* [ACTION ITEM]: Copy exactly and only the lines running from the one that contains "Louis Vuitton archive jacket" to the final line of the data below, without the pictures.

* [INPUT DATA]:
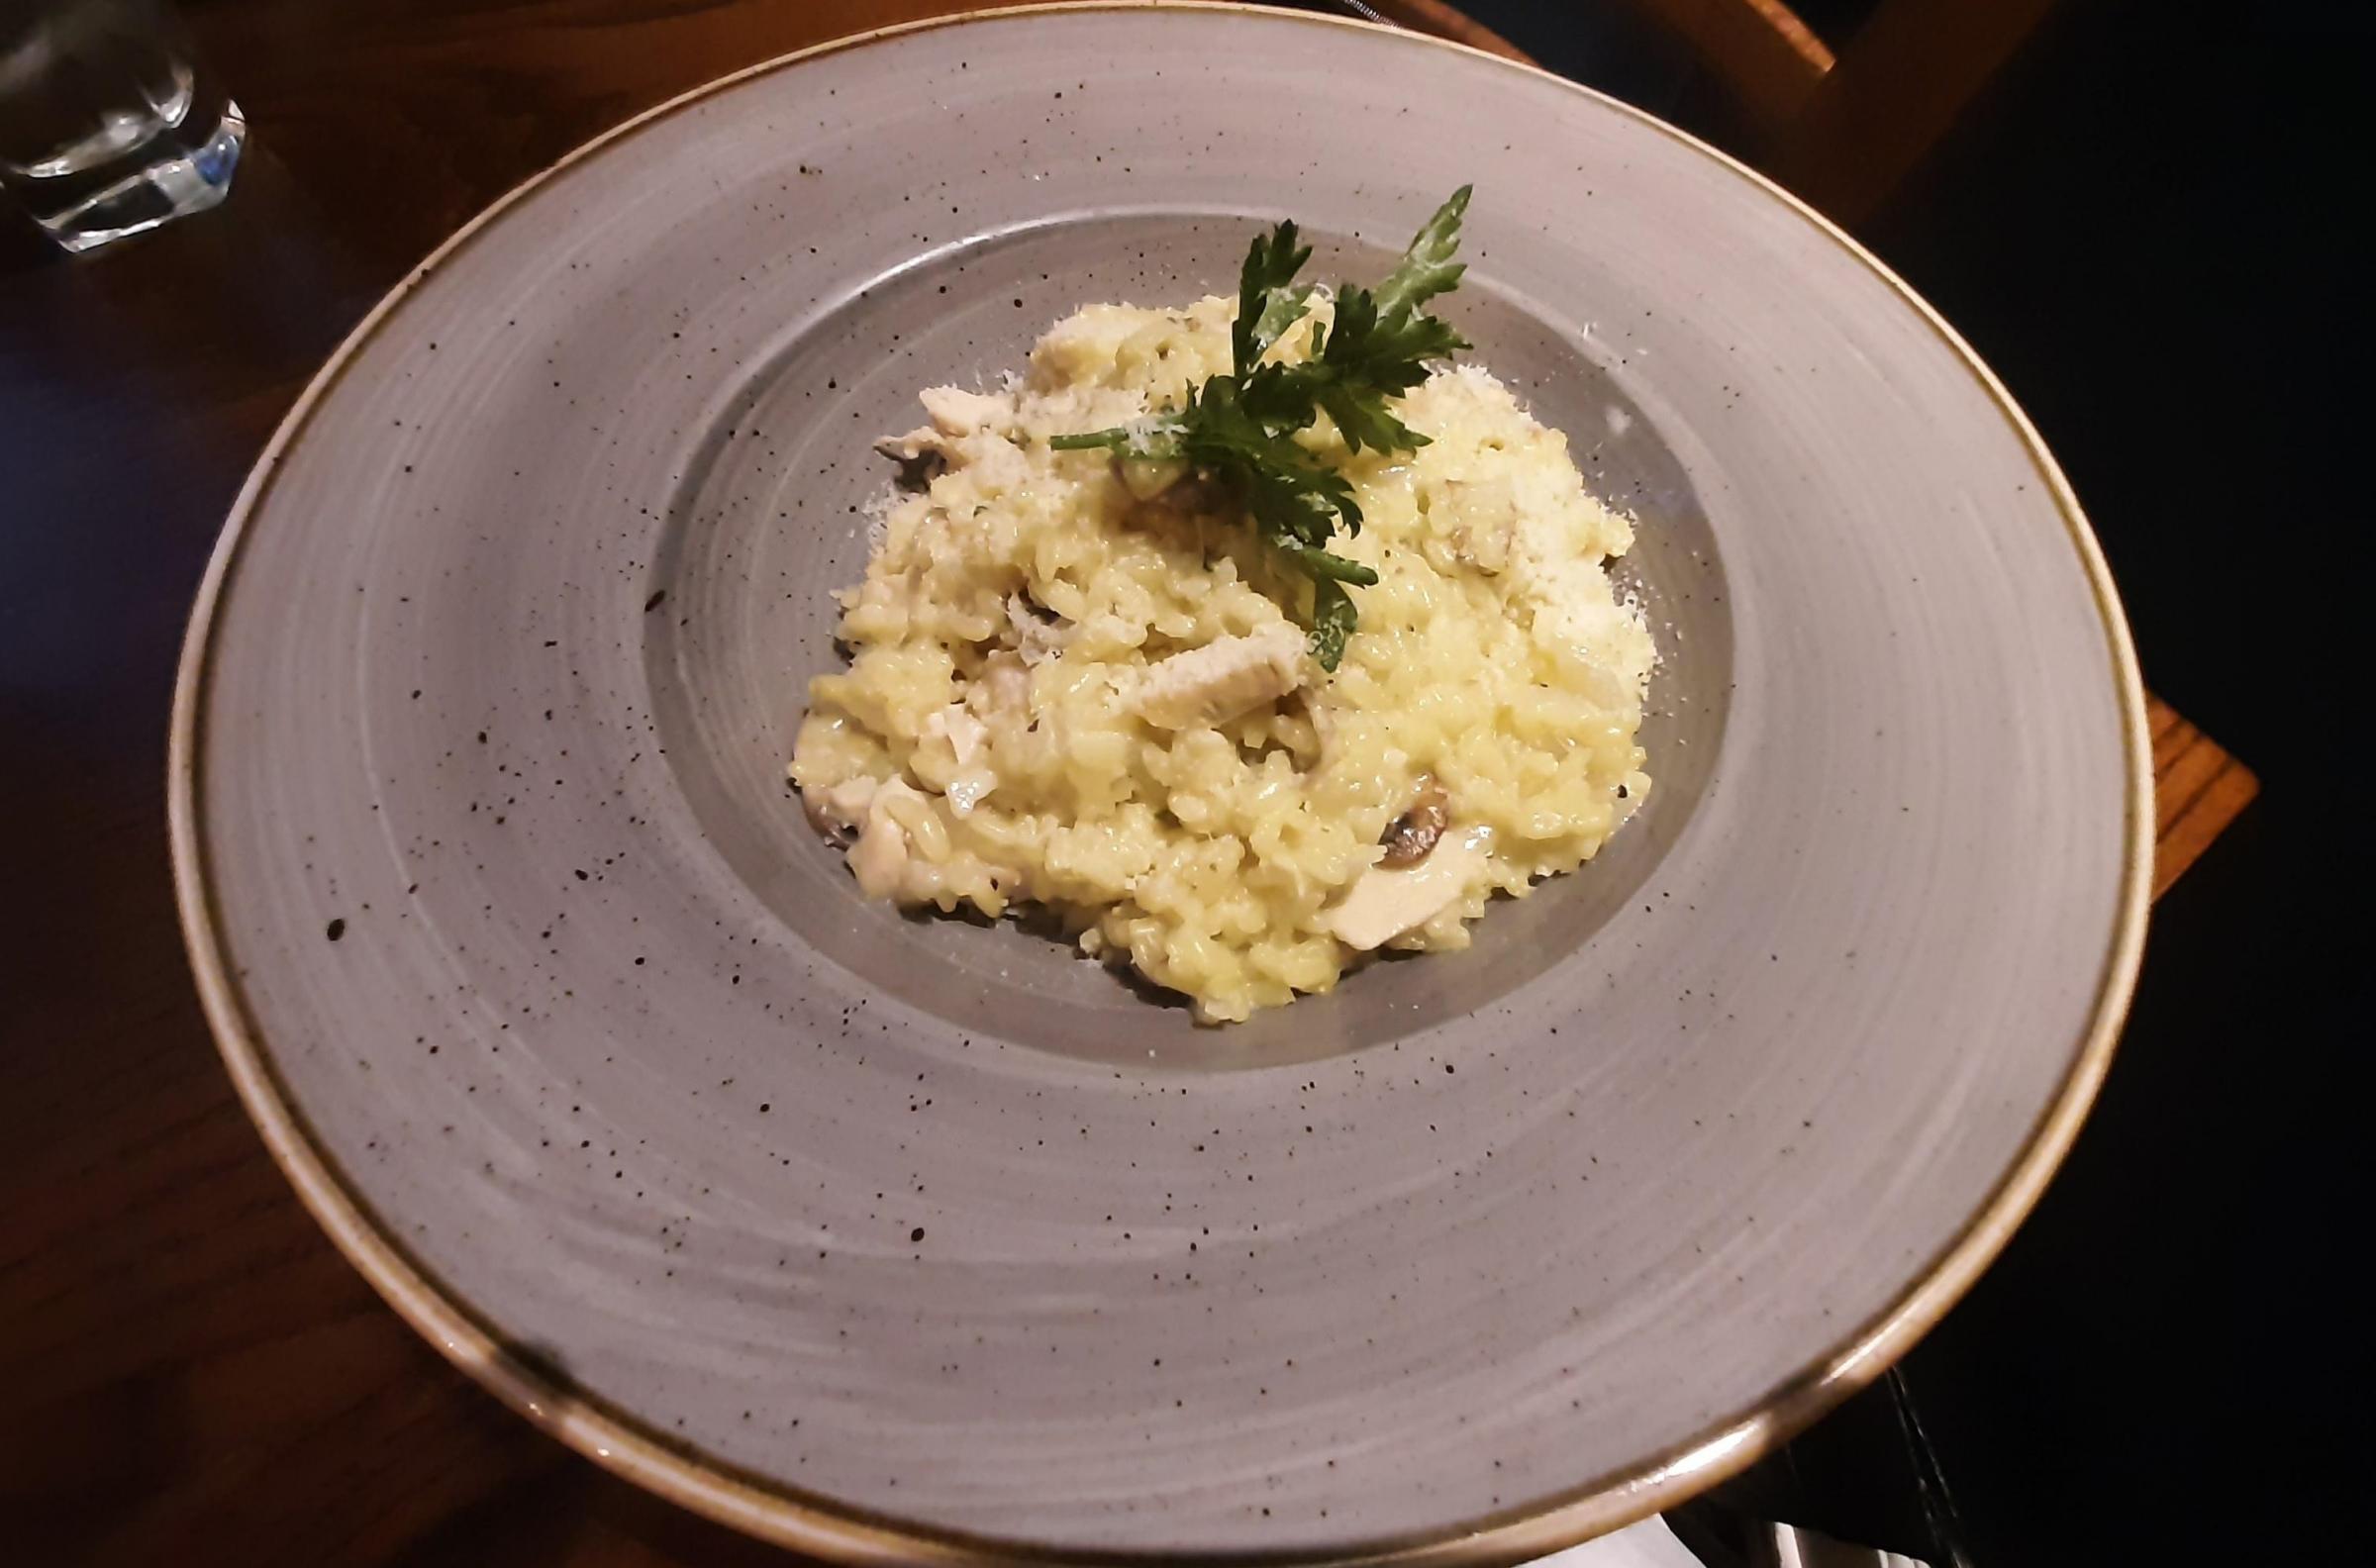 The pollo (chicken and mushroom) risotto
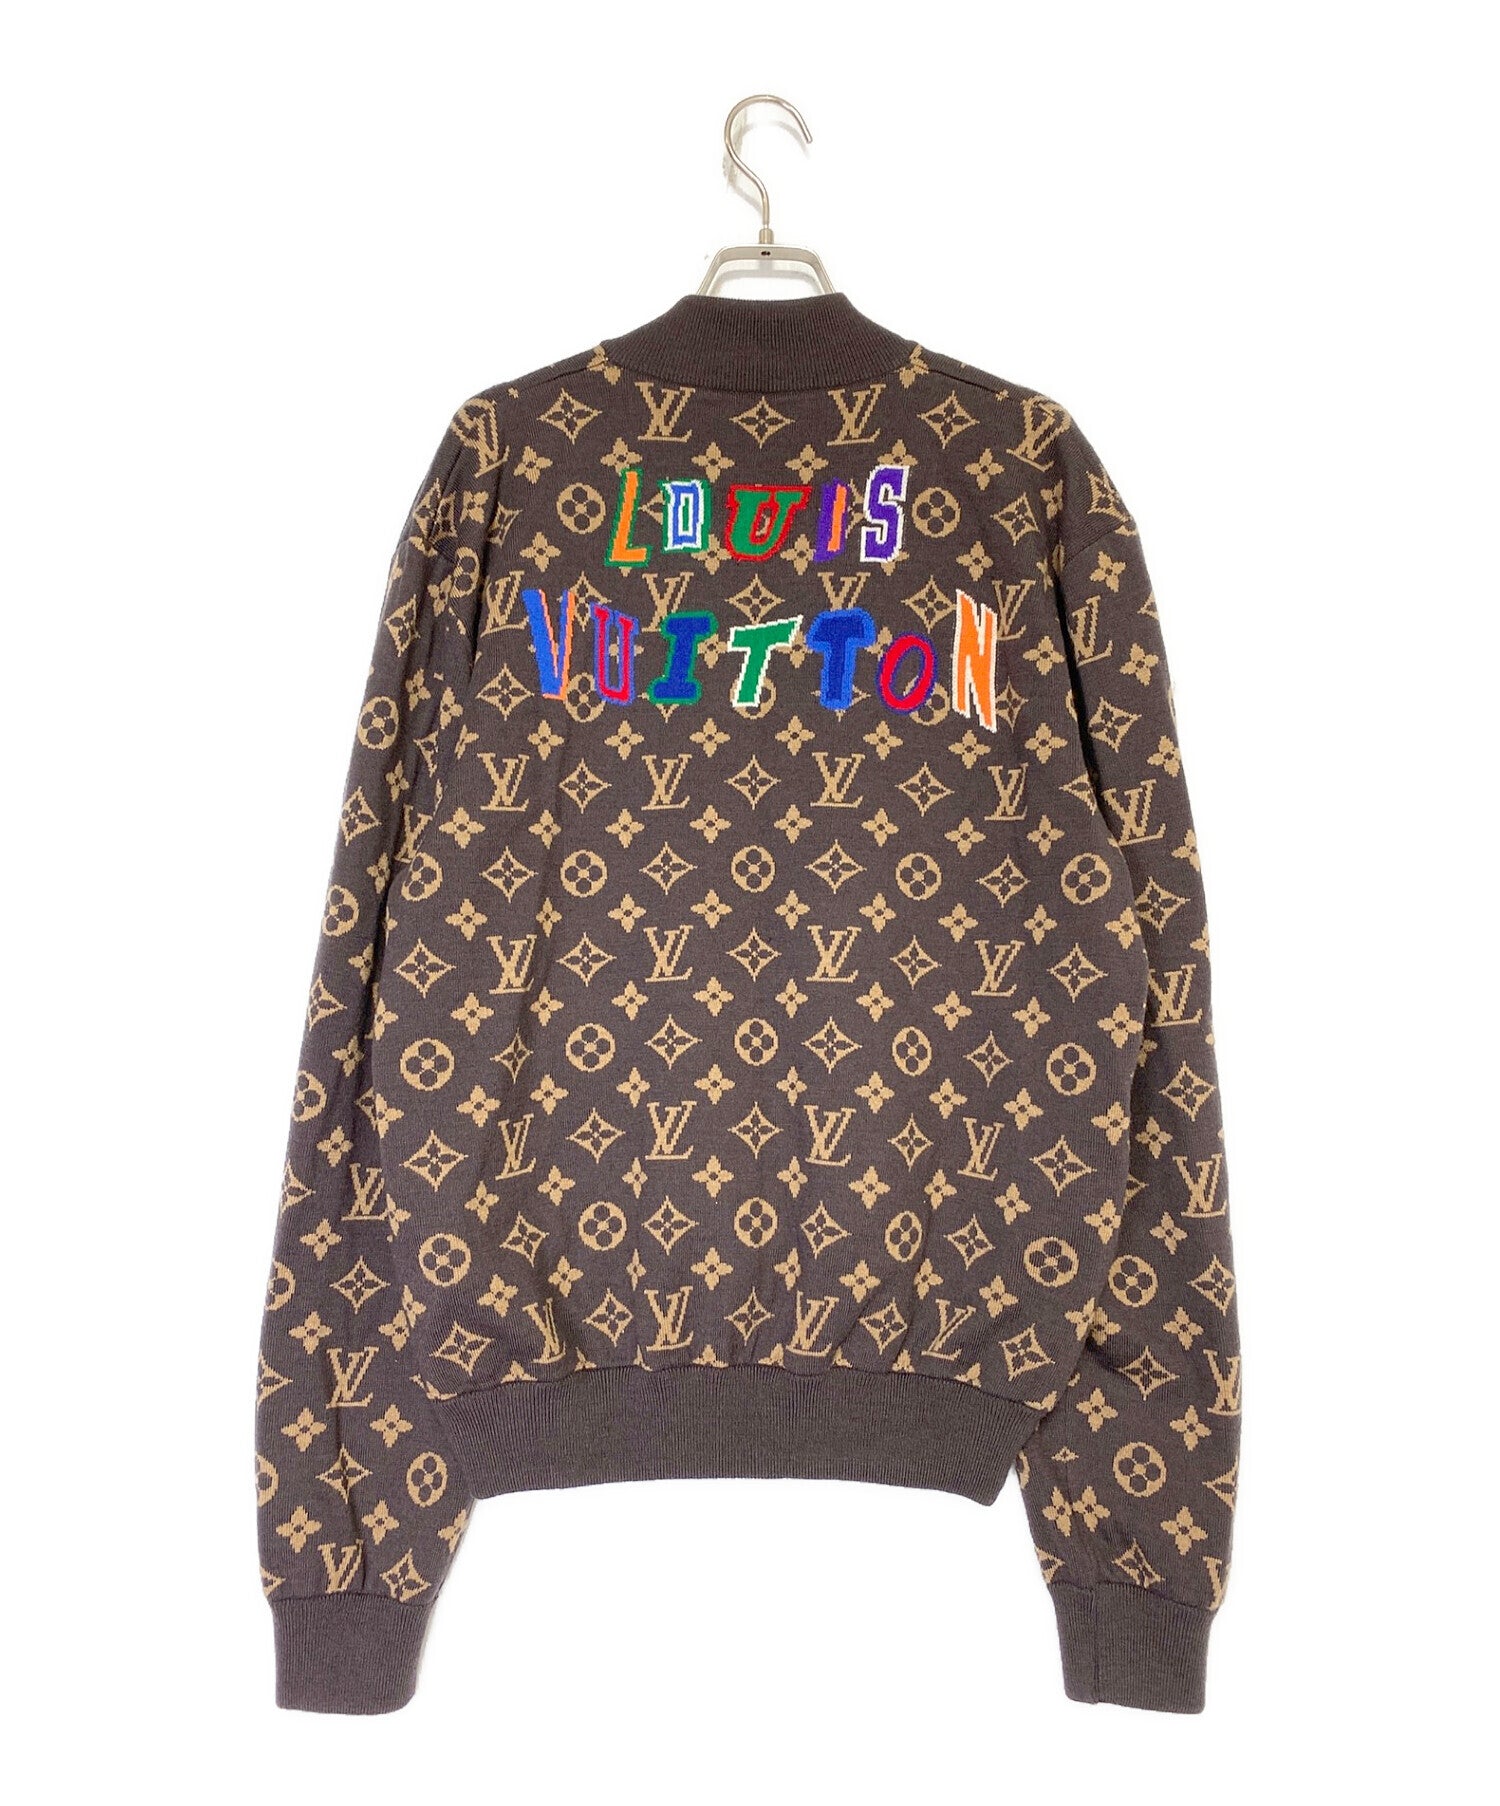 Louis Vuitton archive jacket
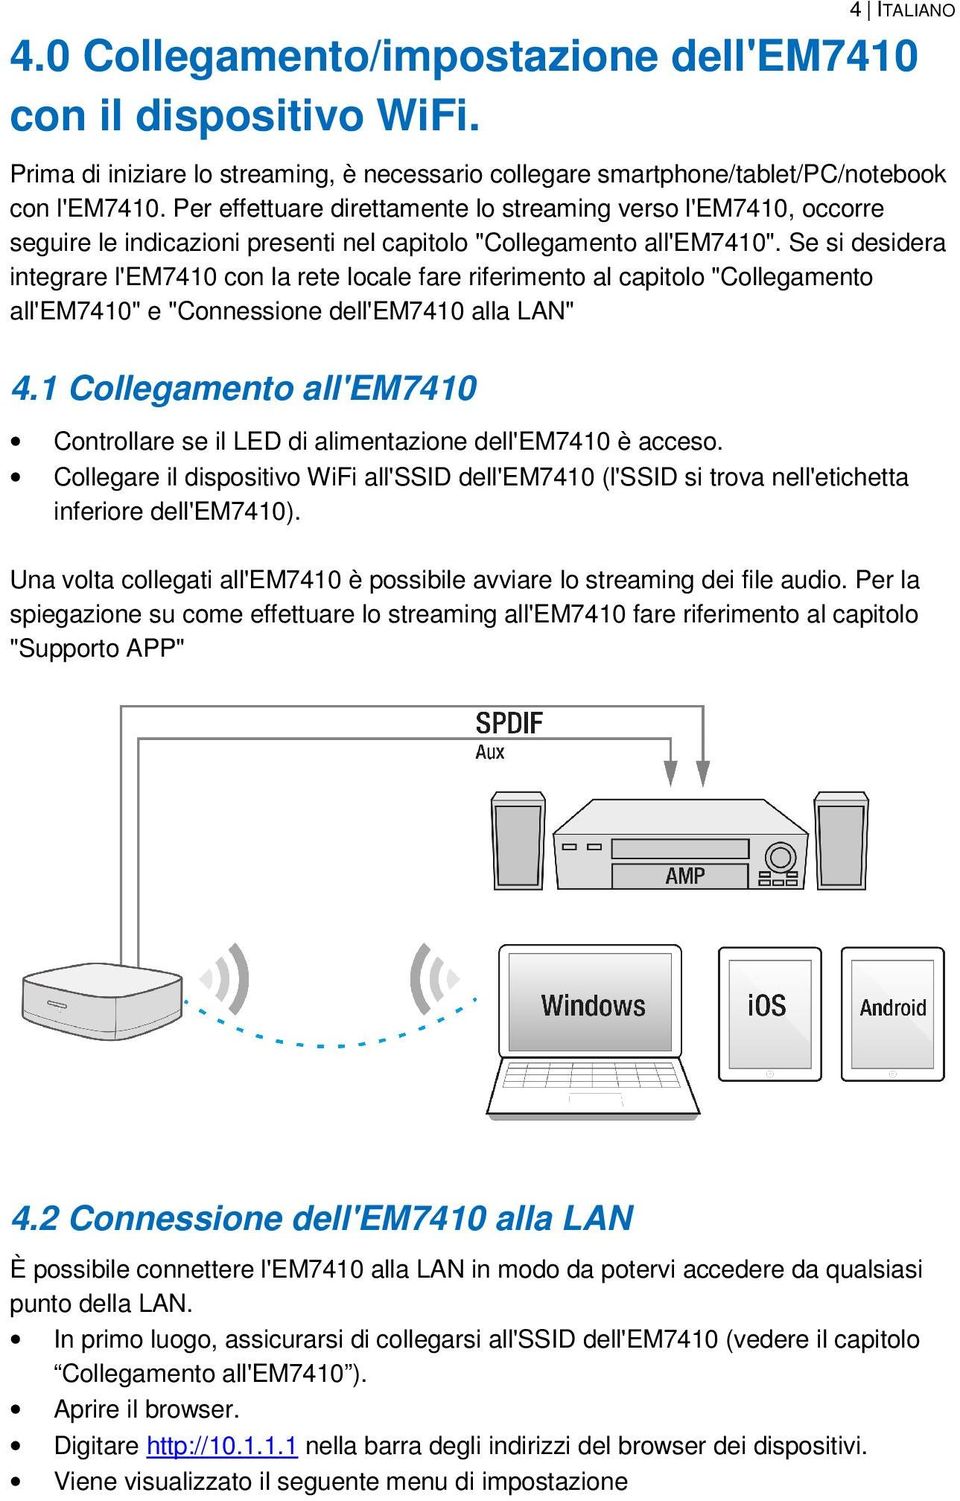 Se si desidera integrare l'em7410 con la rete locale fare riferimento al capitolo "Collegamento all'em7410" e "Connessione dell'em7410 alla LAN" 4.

* [REPLY]:
 Louis Vuitton archive jacket
 Se si desidera integrare l'em7410 con la rete locale fare riferimento al capitolo "Collegamento all'em7410" e "Connessione dell'em7410 alla LAN" 4.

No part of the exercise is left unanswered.